A campaigning journalist who exposed the infamous vote-rigging scandal at Westminster Council in the 1990s has died at the age of 85.
Jillian McDonough, who lived on her Marylebone and Paddington patch for 45 years, was a senior reporter on the Paddington and Kilburn Times from the 1970s to 1991.
The big stories she broke that later made the nationals included the “homes for votes” scandal when council leader Shirley Porter was accused of “gerrymandering” to win the 1990 local election.
She also broke the news of the council selling its municipal cemeteries at East Finchley and Mill Hill for just £1 each to save on maintenance costs — which the local government ombudsman found was maladministration.
“Mum was one of the first journalists to report on the infamous 1p cemeteries sale,” her daughter Catherine McDonough told the paper.
“The stories she covered were numerous, given the years she worked in the local press, she was always talking about her stories when I was growing up.
“She interviewed leading public figures but was as diligent in her coverage, helping to give voice to those who may not have been heard.”
Jillian was born in Nottingham and left school at 15. But she had an eye on Fleet Street and took off for London at 21 to work on the Walthamstow Post — in the days of typewriters and having to use telephone callboxes to get her stories to the news desk.
Jillian’s future husband Michael McDonough, also a journalist, followed her to London in 1958 and they married when she was 22. Family lore is that he later took her job in Fleet Street when she gave up work to raise the family.
She returned to journalism by the late 1970s, covering Marylebone and Paddington until 1991, and was well respected by Westminster Council’s press office, despite her stories of scandal.
“She diligently championed people for justice,” Catherine recalls. “Mum was passionate about going the extra mile.”
Jillian also covered community news and theatre reviews and once did a two-page spread on her daughter Catherine performing at the Hampstead Playhouse. Catherine went on to be a professional actress, making her mum proud.
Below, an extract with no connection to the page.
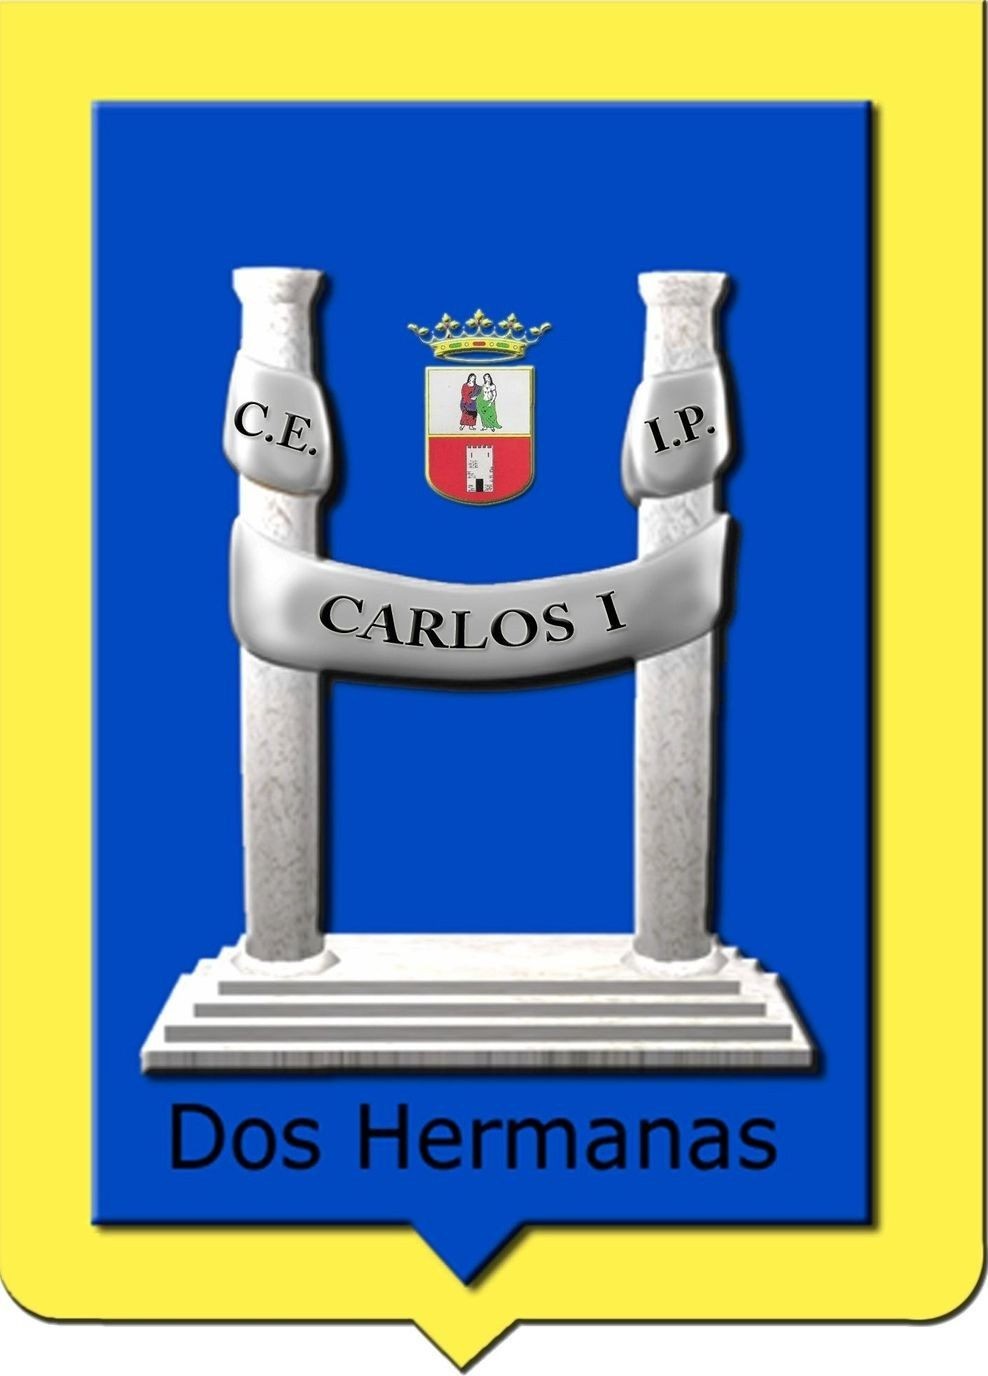 CEIP Carlos I (Dos Hermanas)

Westminster Council’s public relations office gave a citation to the National Union of Journalists supporting Gillian, who faced redundancy in 1991, which said: “She is a conscientious local reporter, often ahead of the game and always fair in her comments, giving us the opportunity to respond before going to press.
“If the politicians don’t like what she has written it is because she is an honest, hardworking, objective reporter doing a good job in pursuing local democracy and a free press, always playing a straight bat. We would be sorry to see her go.”
Jillian McDonough, born October 23, 1937, died on February 9, 2024, was buried at Brompton Cemetery March 6.